# Minnesota outfitter



## Zkovach1175 (Mar 29, 2017)

We usually go to Canada but with the border closed we may look this year for something in Minnesota. Anyone have any suggestions? Looking for trout, walleye, crappie etc around late May. I appreciate any suggestions.


----------



## Crestliner 16 (Aug 28, 2019)

Anywhere in the Voyager area. Ely is a good starting point.


----------



## grapestomper (Jan 9, 2012)

We fished Crane lake a Kabetogama and had a ball.


----------



## Crestliner 16 (Aug 28, 2019)

grapestomper said:


> We fished Crane lake a Kabetogama and had a ball.

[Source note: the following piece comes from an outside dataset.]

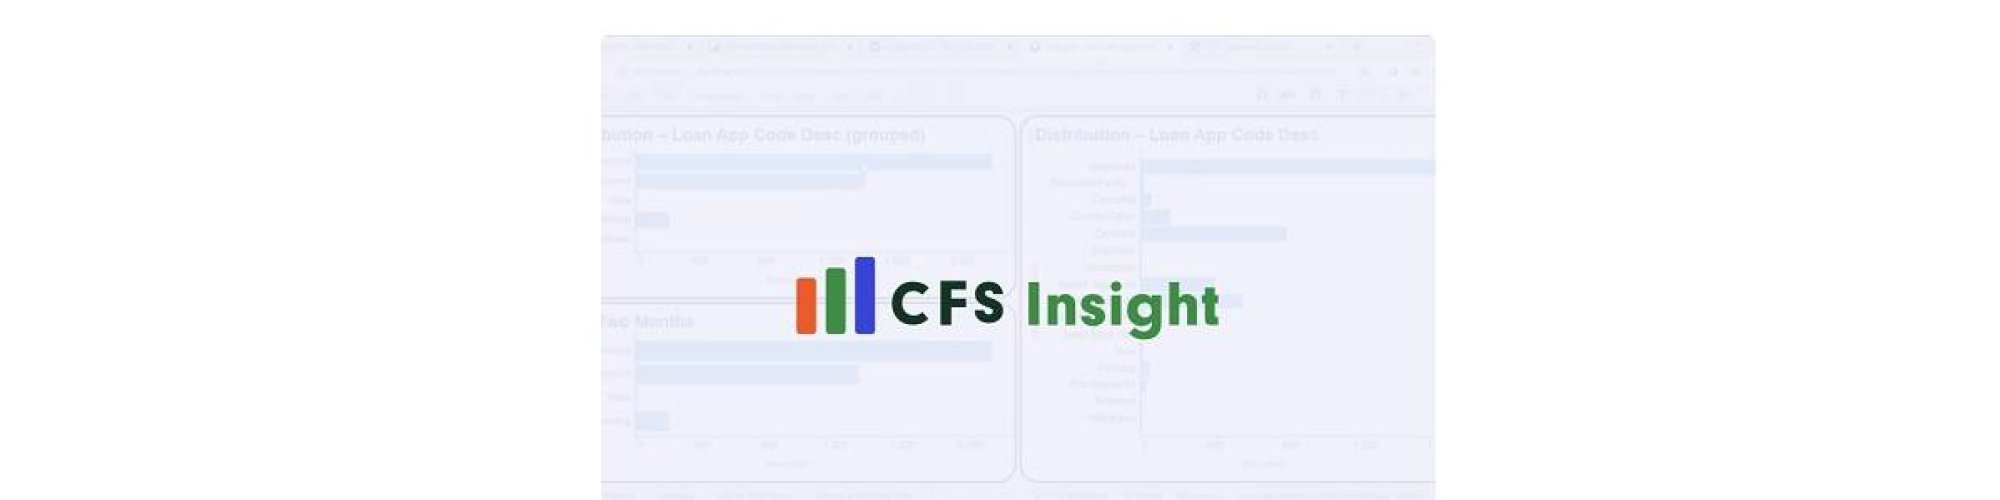 CFS Insight

How long did you fish? I'm interested in going on another fishing adventure. Any information is appreciated. Thanks


----------



## grapestomper (Jan 9, 2012)

Crestliner 16 said:


> How long did you fish? I'm interested in going on another fishing adventure. Any information is appreciated. Thanks


I think it was 5-6 days each. Kabetogama was windy but had a little bigger fish. Crane you could get out of the wind all the time if it was blowing. 


Sent from my iPhone using Michigan Sportsman mobile app


----------



## Crestliner 16 (Aug 28, 2019)

T


grapestomper said:


> I think it was 5-6 days each. Kabetogama was windy but had a little bigger fish. Crane you could get out of the wind all the time if it was blowing.
> 
> 
> Sent from my iPhone using Michigan Sportsman mobile app


Thank you.


----------